Price comparison and recommendation engines are almost commoditised. These apps generate static data on product price and specifications. This data is then used to understand the user based on the filters that they input for comparison. What if the system went beyond this and used data generated on different apps to make a persona out of the individual? Such a tool could become very powerful for brands to leverage. Mobiorbit Labs, a Bengaluru-based startup, is working on this ambitious project. By collating data of smartphone users through their app called Smartly.me, they could help brands understand their audience better. If a company like Canon, for example, knows that the smartphone user loves photography, based on the data collected from the device, it can then create personalised campaigns on Smartly.me to sell its products to the user.
Muralidhar Rajan, Co-founder, Mobiorbit Labs, says,
Our analysis can determine whether the smartphone user is a good photographer or an avid reader of startup news.
The startup's algorithm is not limited to users alone. Mobiorbit is building a platform where it will white-label the algorithm into apps built for retailers or for any company in the consumer business. The crawler takes stock of all stock keeping units (SKUs) in inventory and matches them with discounts and offers available, which can then be used by the store manager to engage with the customer intelligently.
This idea began out of an epiphany, born out of the thousands of interactions the three founders had while they were colleagues, in the dredges of an R&D centre of a large Indian smartphone manufacturer, between 2011 and 2014. Founders Santosh Prabhu, Muralidhar and Palash Patil realised that mobiles are second nature to humans. They quit their lucrative jobs to build the technology. Their premise was simple: if app consumption data could be gathered, collated and organised it could be a gold mine because brands would pay anything to create actionable insights.

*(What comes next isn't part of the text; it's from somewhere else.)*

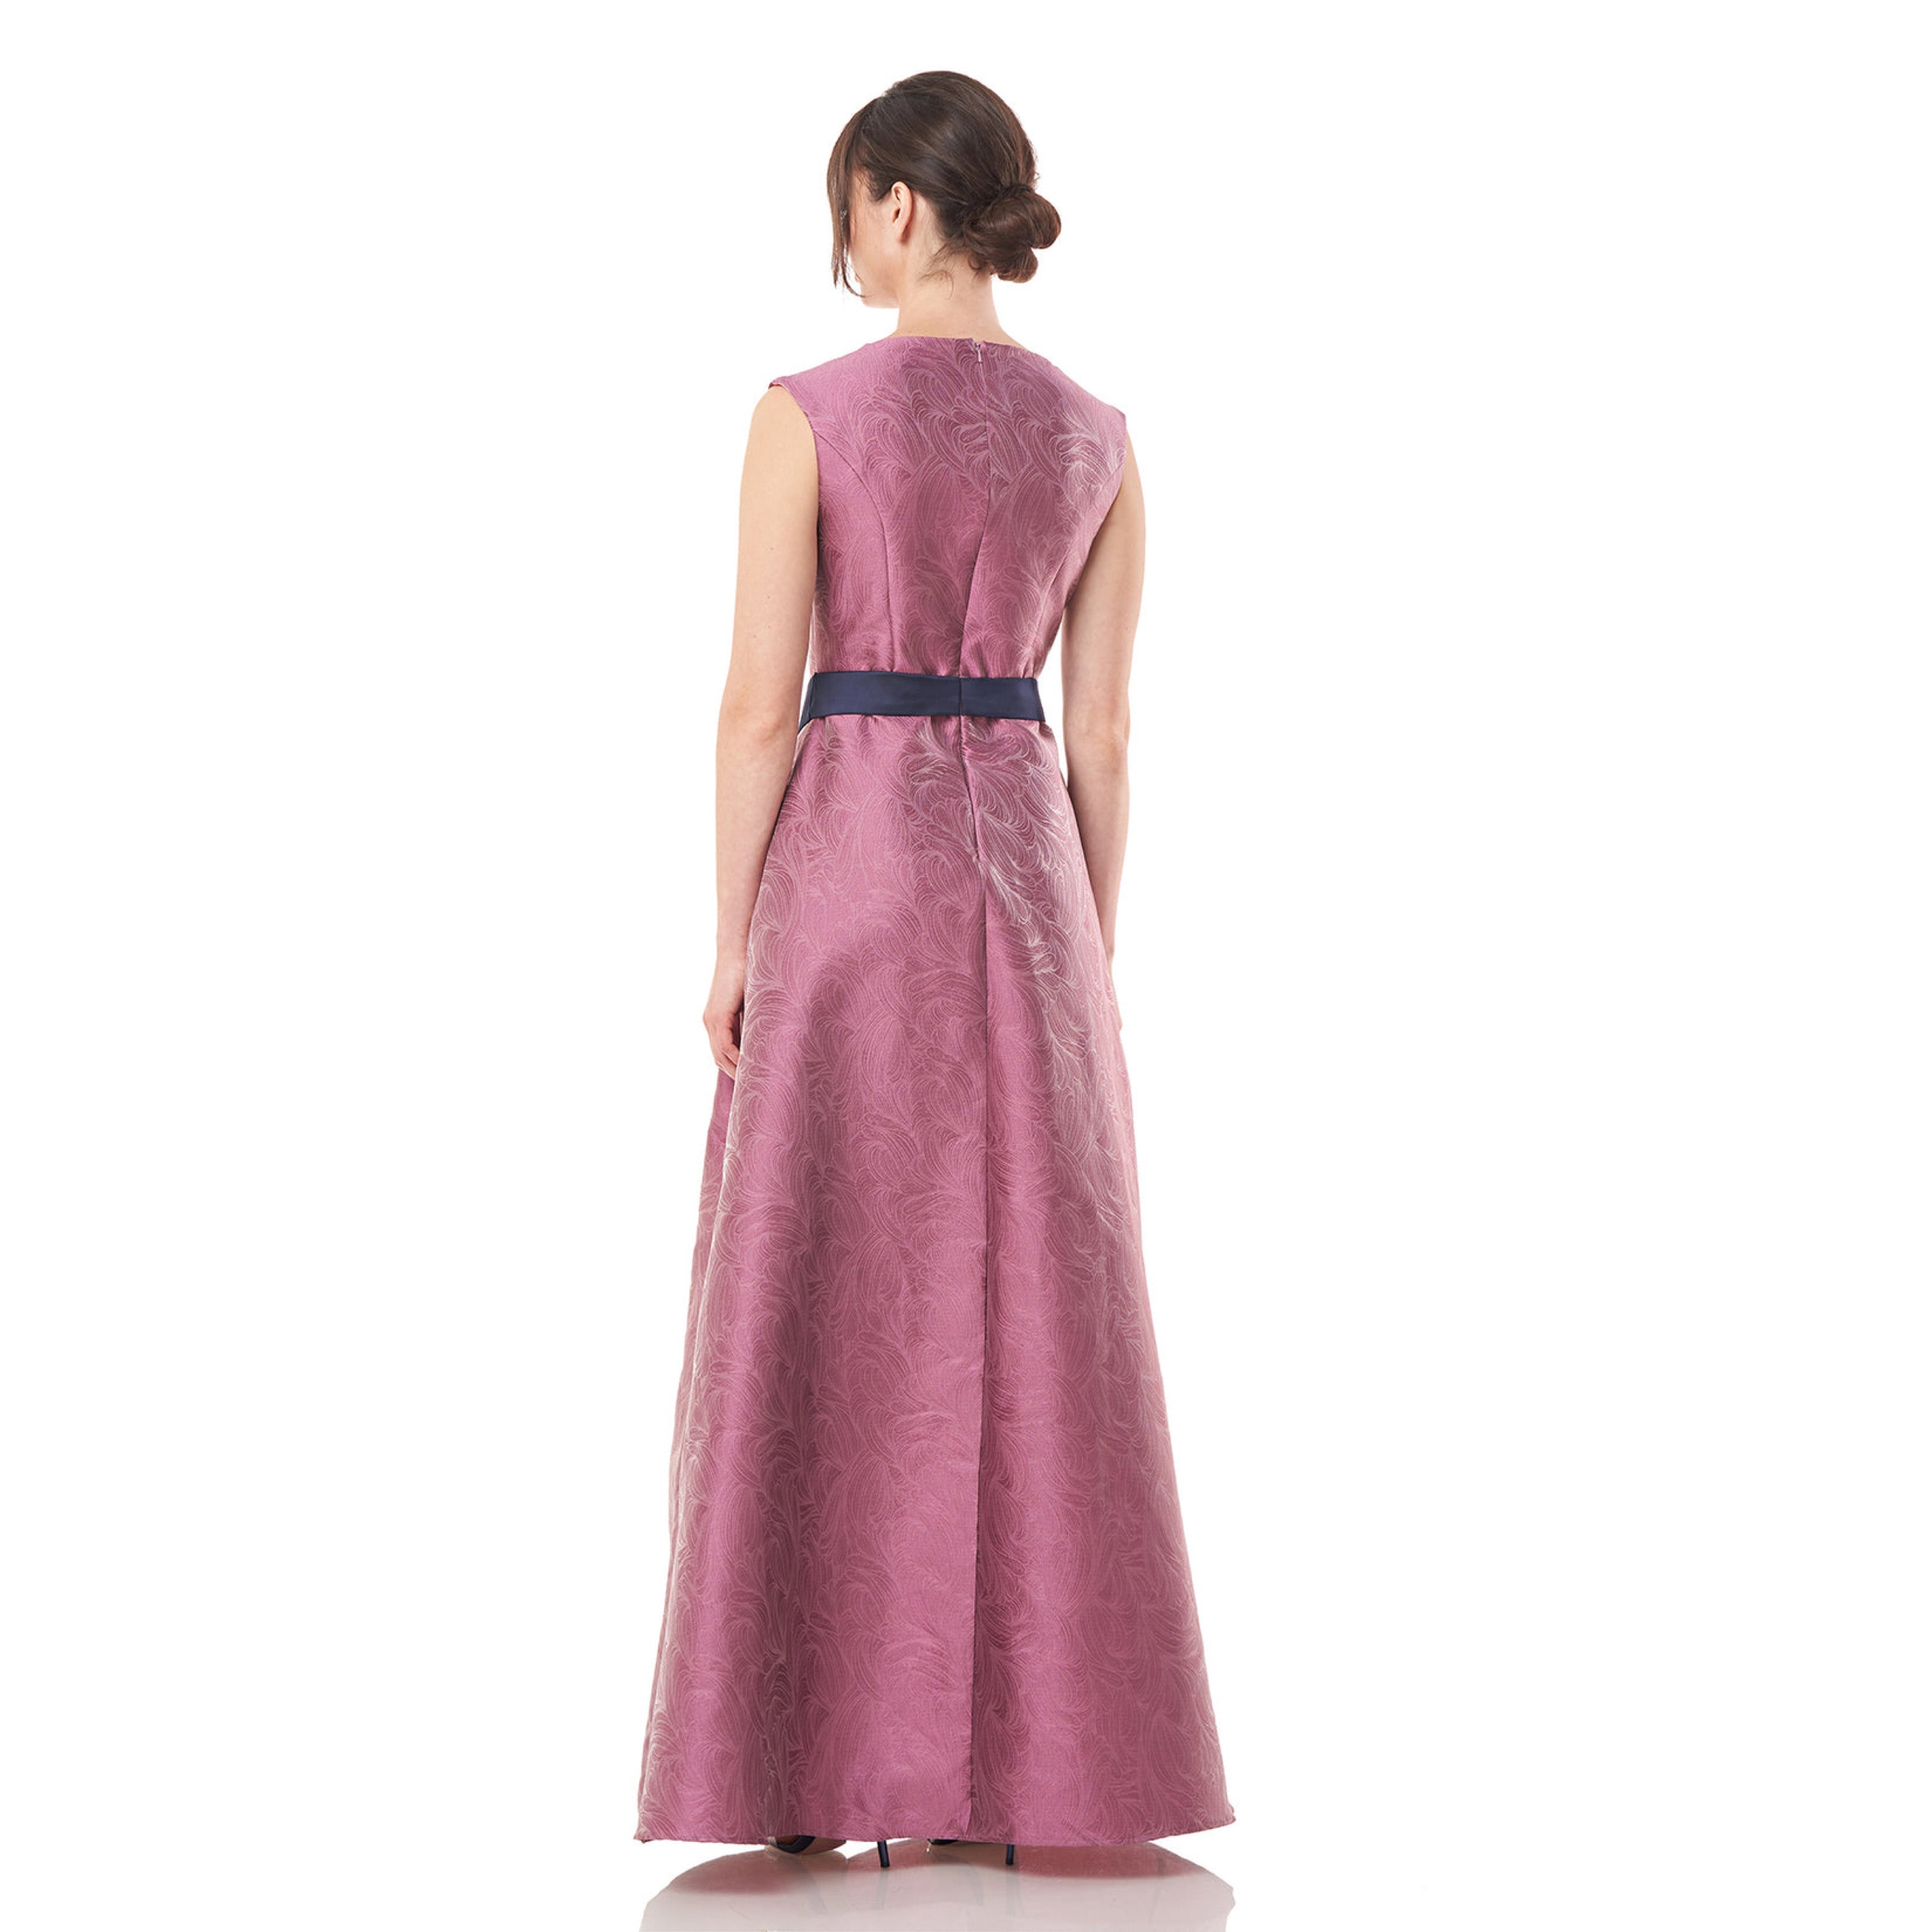 Kay Unger mauve & navy walkthrough dress, size 6

The founders even met up with retailers to understand how the mobile could help manage inventory in physical stores. Muralidhar says, “We built the product in seven months. It’s the software and the data wrapper that makes the technology competitive.”
Mobiorbit launched its product in October 2015 and is currently working on making the persona ecosystem robust. Its server architecture has been built with Django and Postgress db. Its crawlers look at the time spent on each app and content consumed before making recommendations to users.
The business model
The B2C model, which is to deliver recommendations based on personas, is offered free to consumers. But the data is taken to brands and provided as a service. “We are a technology company that can capture data from a large set of users. We will not be consulting; the brands can partner with us to target consumers,” explains Muralidar.
The second business model is to sell the product as a service to consumer businesses which operate distribution centres across the country.
The B2C business model is supported by its app called Smartly.me, which has had 5,000 downloads so far. The startup is currently tying up with a few brands to sell the persona data. The founders have currently invested about $70,000 to build the software platform.
VC & competition’s take
The business model of Mobioribit needs potential scale on one side because it is dependent on consumers to download their app, which it can then use to collate data and partner with brands. On the direct to business side the company must tie up with brands and consumer businesses.
R. Natarajan, CFO, Helion Venture Partners, says
There are risks on both sides. The founders need to have the bandwidth to build robust technology and find customers at the same time.
There are several startups like Mysmartprice, Smartprix and PriceBaba with similar business models, but they are dependent on consumer filters for data. It is estimated that there are close to 20 companies trying to make this business into million-dollar opportunities in India alone. Mysmartprice has raised $11 million in two rounds from Accel and Helion Venture Partners. Others are yet to raise big money.
There is another startup called Voodoo Technologies, which allows the consumer who is looking at prices in one app to compare the prices on another app dynamically on the same screen. To make it simpler, if you are checking Flipkart, then the price of the same product in Snapdeal will appear as a window on the screen.
For Mobiorbit’s second business model (the B2B model) there is competition from a company called RadioLocus, which hopes to connect with retailers and provide them actionable insights based on consumer behaviour.
Mohandas Pai, MD, Aarin Capital, says,
Technology companies are the ones that will eventually become large enterprises. But one must remember that many will fail.
Nobody has built device-based personas. Everyone is building personas out of shopping habits on apps, which is where Mobiorbit can have an edge over others. The startup is looking into the entire app ecosystem on the phone before creating a personality. But their success depends on their ability to raise money, win consumers and tie up cleverly with consumer businesses which can give them long-term contracts. Fortunately for them, this could be the year for Business-to-Business-to-Consumer (B2B2C) business. They just have to go ahead and thrive.